WORK INSTRUCTIONS >> Everything from the line holding "XII Congresso del" to the last line of the material below must be retyped exactly, minus any pictures.
━━━ RECORDED INFORMATION
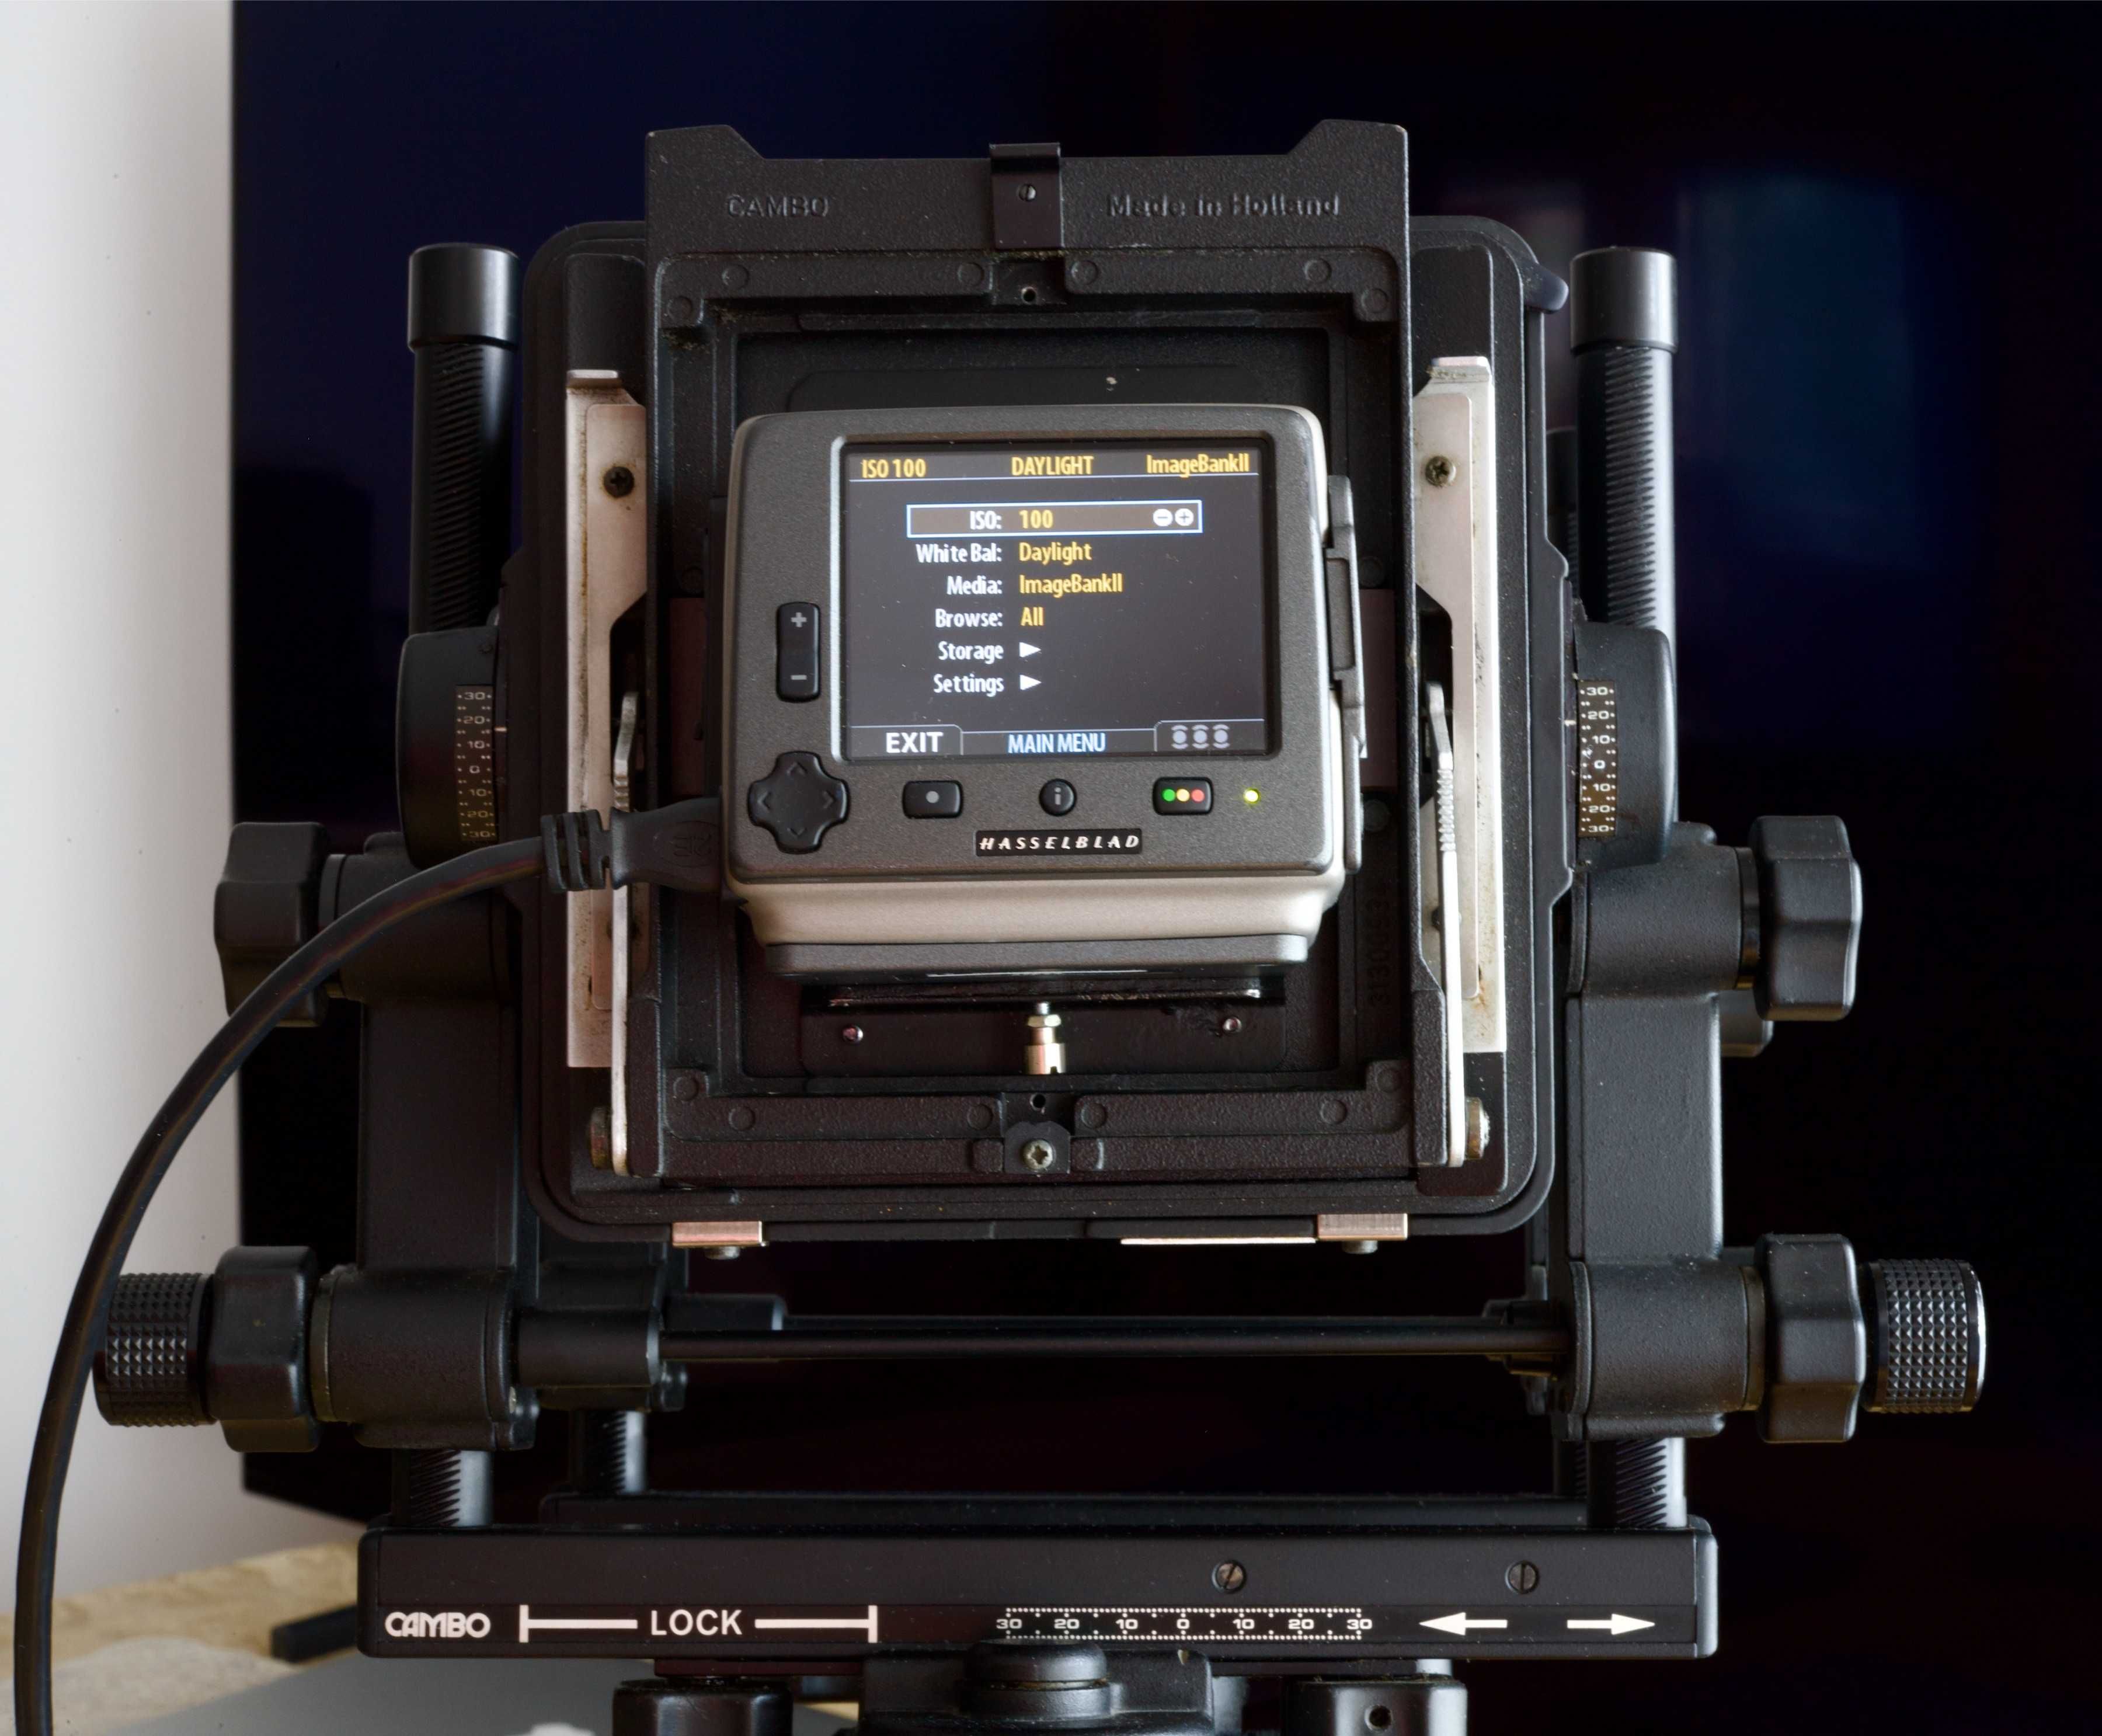 Cambo SCX 4x5 cu back digital Hasselblad H3DII 39- MS (Multi-Shot) CCD
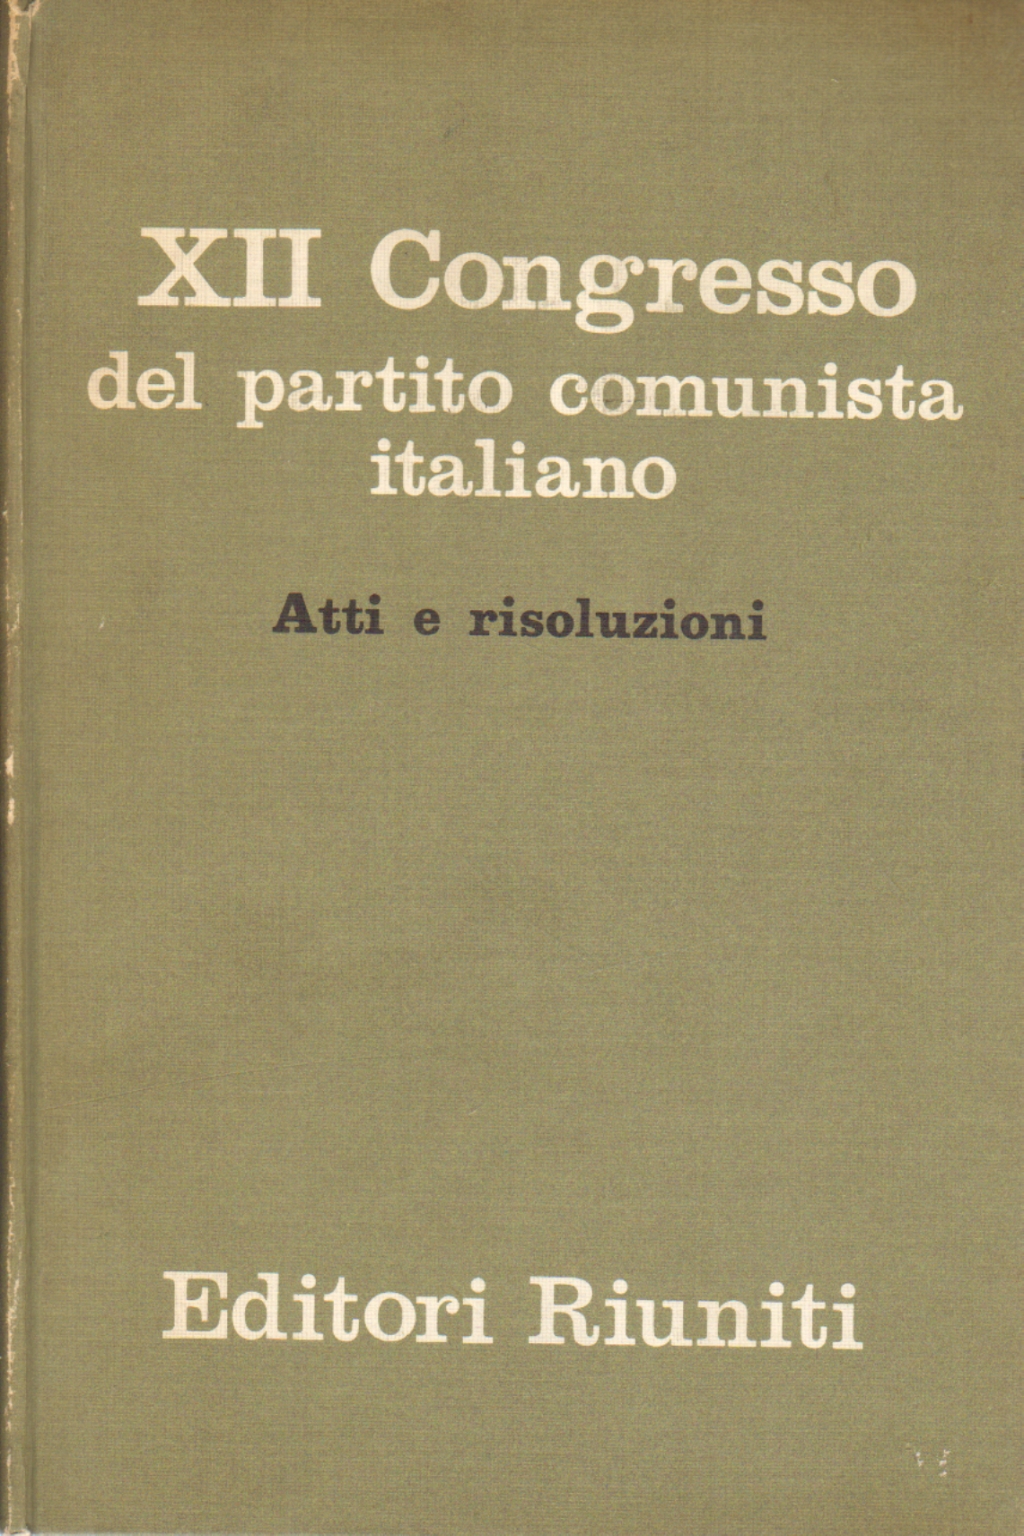 XII Congresso del partito comunista italiano, AA.VV.
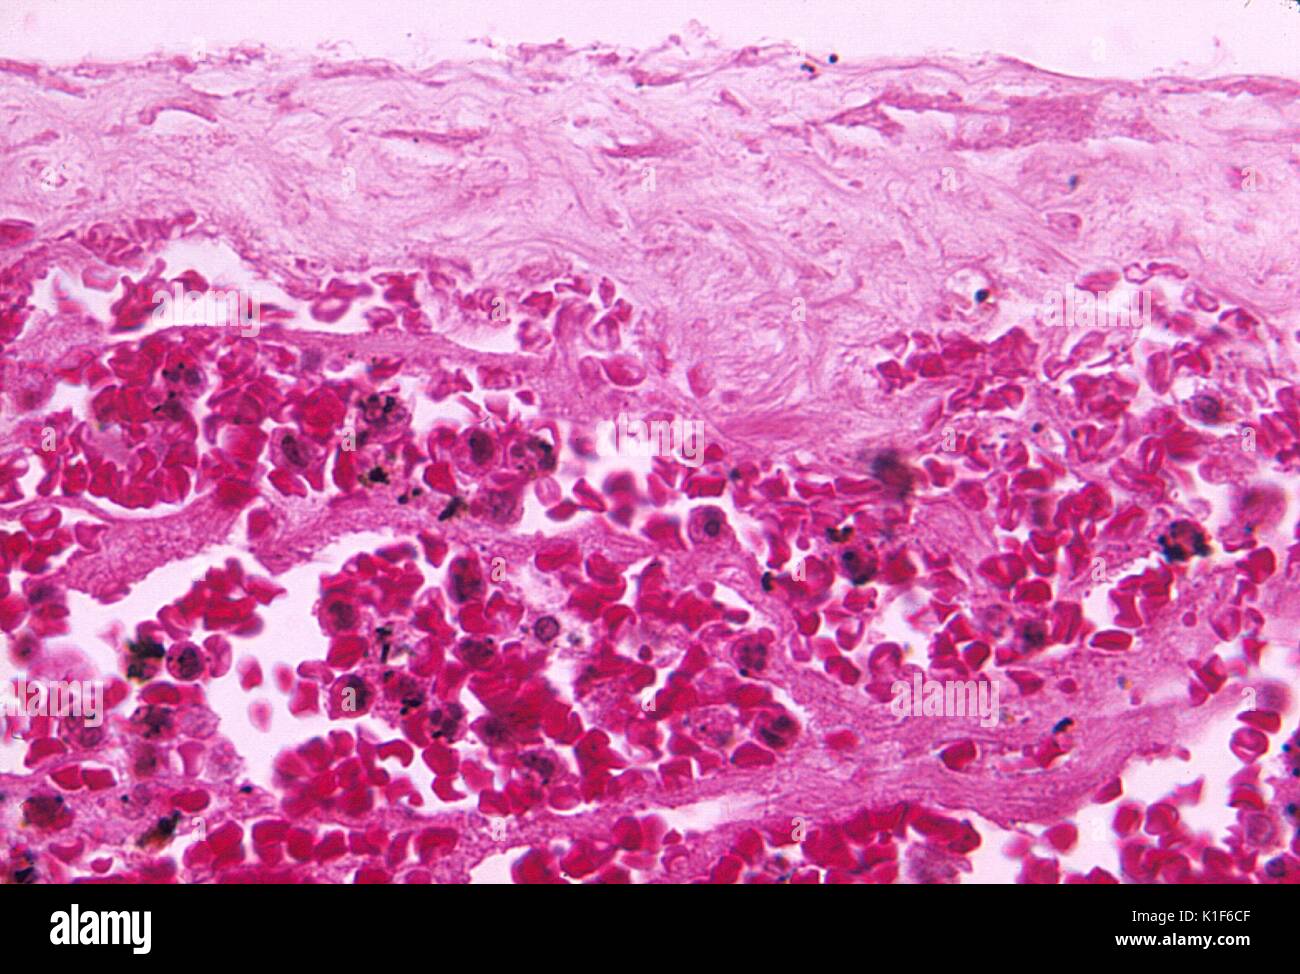 Photomicrograph der Meningen demonstrieren Blutungen aufgrund schwerwiegender Einatmunganthrax, Mag. 500x. Bild mit freundlicher Genehmigung von CDC/Dr. LaForce, 1967. Stockfoto
━━━━━━
EXPECTED ANSWER >>
 XII Congresso del partito comunista italiano, AA.VV.
 Photomicrograph der Meningen demonstrieren Blutungen aufgrund schwerwiegender Einatmunganthrax, Mag. 500x. Bild mit freundlicher Genehmigung von CDC/Dr. LaForce, 1967. Stockfoto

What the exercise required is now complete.